Execution

A Timestream may be executed and written to a destination in a variety of ways. The things to consider when deciding how to execute the Timestream are:

  1. Whether you want the history of points or the snapshot of values for each entity at a given time.
  2. Whether you want to run a query once or start a live process continually materializing.
  3. Whether you want to limit the output to points in a specific time range (for history) or entities that have changed since a specific time (for snapshots).
  4. Whether you want to stop at a given point in time.

State can be used to provide fault-tolerance and allow incremental processing of only new events.

Preview during development

While developing queries, it is often useful to view a few rows from the result. Using kaskada.Timestream.preview you can retrieve a small set of rows from the result set as a Pandas DataFrame.

History vs. Snapshot

Executing a Timestream for the history outputs every point in the Timestream. This means that each entity likely appears in the output multiple times. This is particularly useful for creating training examples from past data points, or visualizing how the Timestream has changed over time.

Executing a Timestream for a snapshot produces a value for each entity at a specific point in time. This means that each entity appears at-most once in the results. This is useful for maintaining a feature store based on the latest values.

Todo

Expose the configuration for snapshots. See https://github.com/kaskada-ai/kaskada/issues/719

Query vs. Materialize

Every Timestream may be executed as a single query or used to start a materialization. Single queries are useful when you want the results for some later batch process, such as fine-tuning a model or populating an in-memory feature store. Materialization is useful when you want to stream new results out as quickly as possible, such as maintaining an in-memory feature store or reacting to specific conditions.

Changed Since

Configuring the changed since time lets you control the points or entities included in the output.
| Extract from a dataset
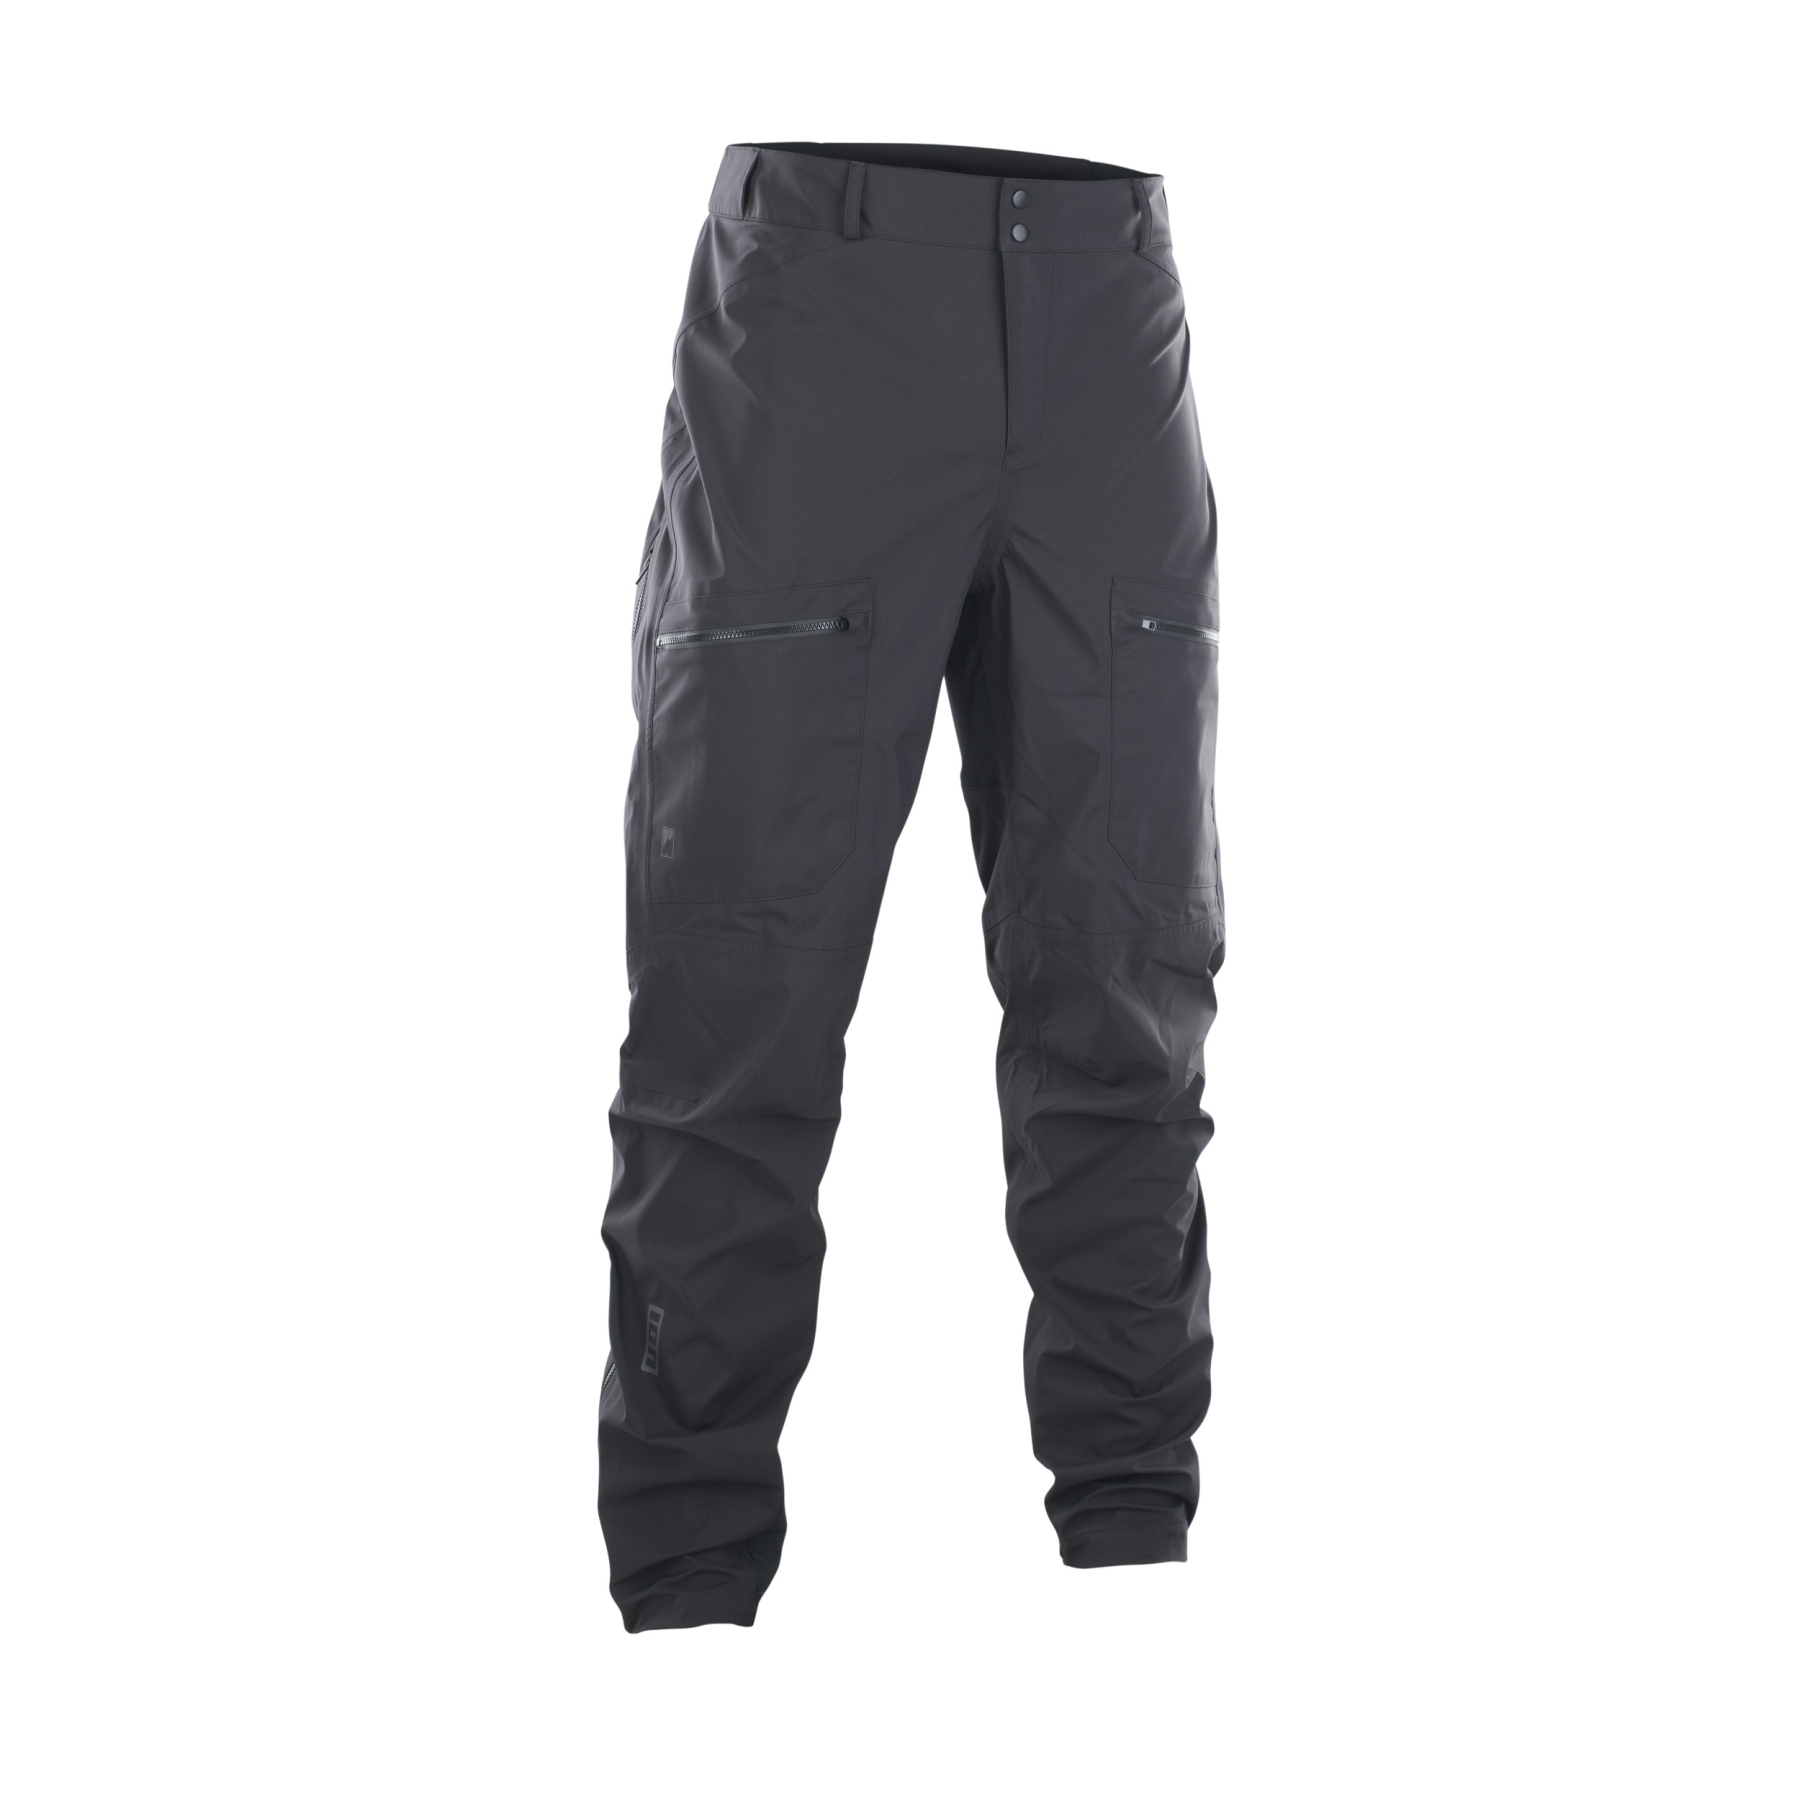 Foto de ION Bike Outerwear 3 Capas Pantalones Impermeables - Shelter - Negro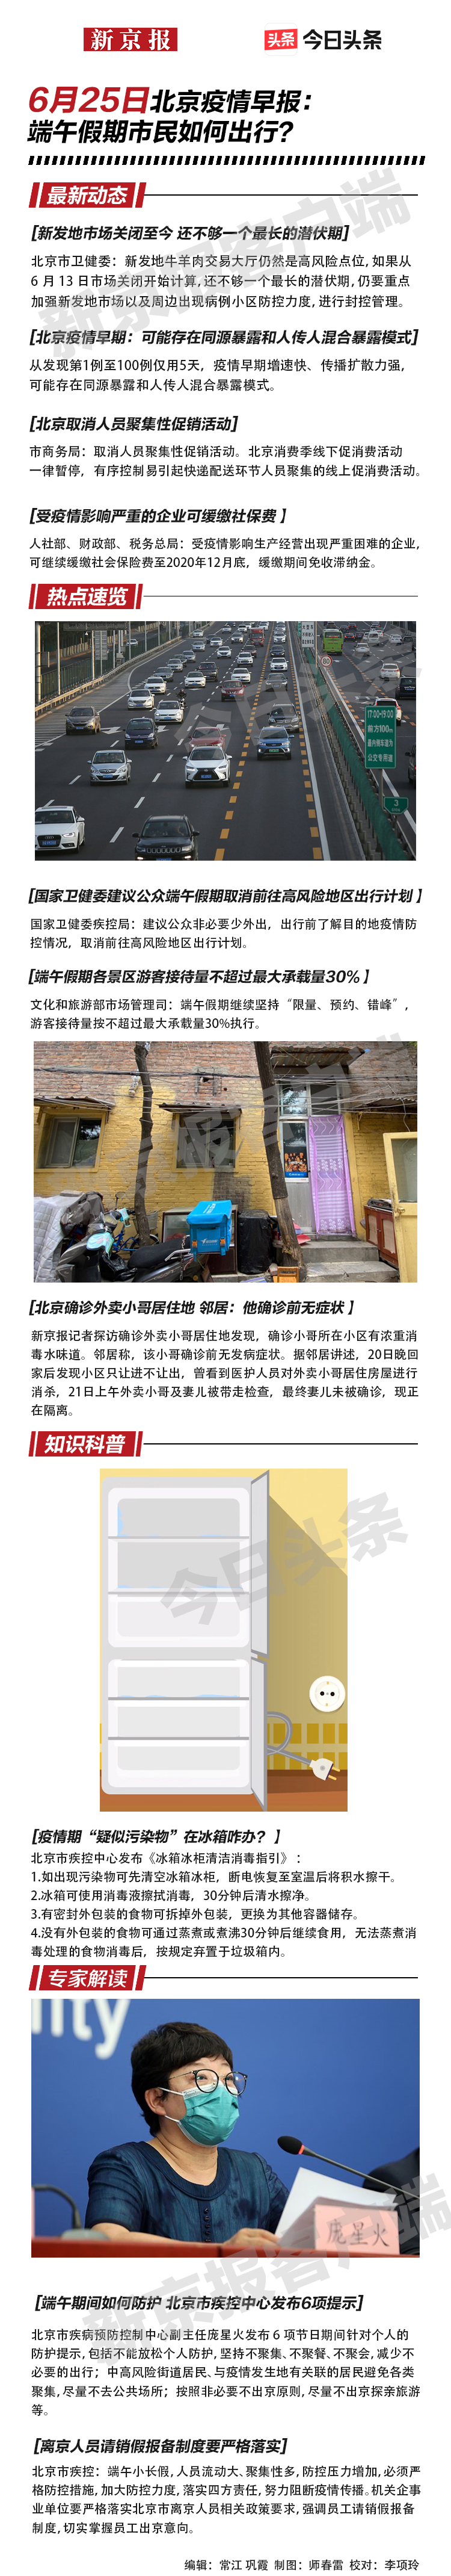 一图速览 6月25日北京疫情早报 综合 新京报网

For a historic query, only points occurring after the changed since time are included in the output. This allows incrementally outputting the entire history to some external store, by repeatedly performing a “changed since” query.

For a snapshot query, only entities that have changed after this time are included in the output. This reduces the amount of data written when the past snapshot is already present in the destination.

Todo

Expose the configuration for changed since. See https://github.com/kaskada-ai/kaskada/issues/719

Up To

Configuring the up to time lets you control the maximum points output (and in the case of snapshots, the time represented in the snapshot).

For a historic query, only points occurring before or at the up to time are included in the output. For a snapshot query, this corresponds to the time at which the snapshot will be taken.

Todo

Currently when not specified, the up to time is determined from the maximum event present in the data. We have plans to change this to a parameter to run defaulting to the current time.

Todo

Expose the configuration for up-to. See https://github.com/kaskada-ai/kaskada/issues/719

State

Kaskada checkpoints state during and after execution. This provides fault-tolerance, incremental querying and automatic handling of late-data.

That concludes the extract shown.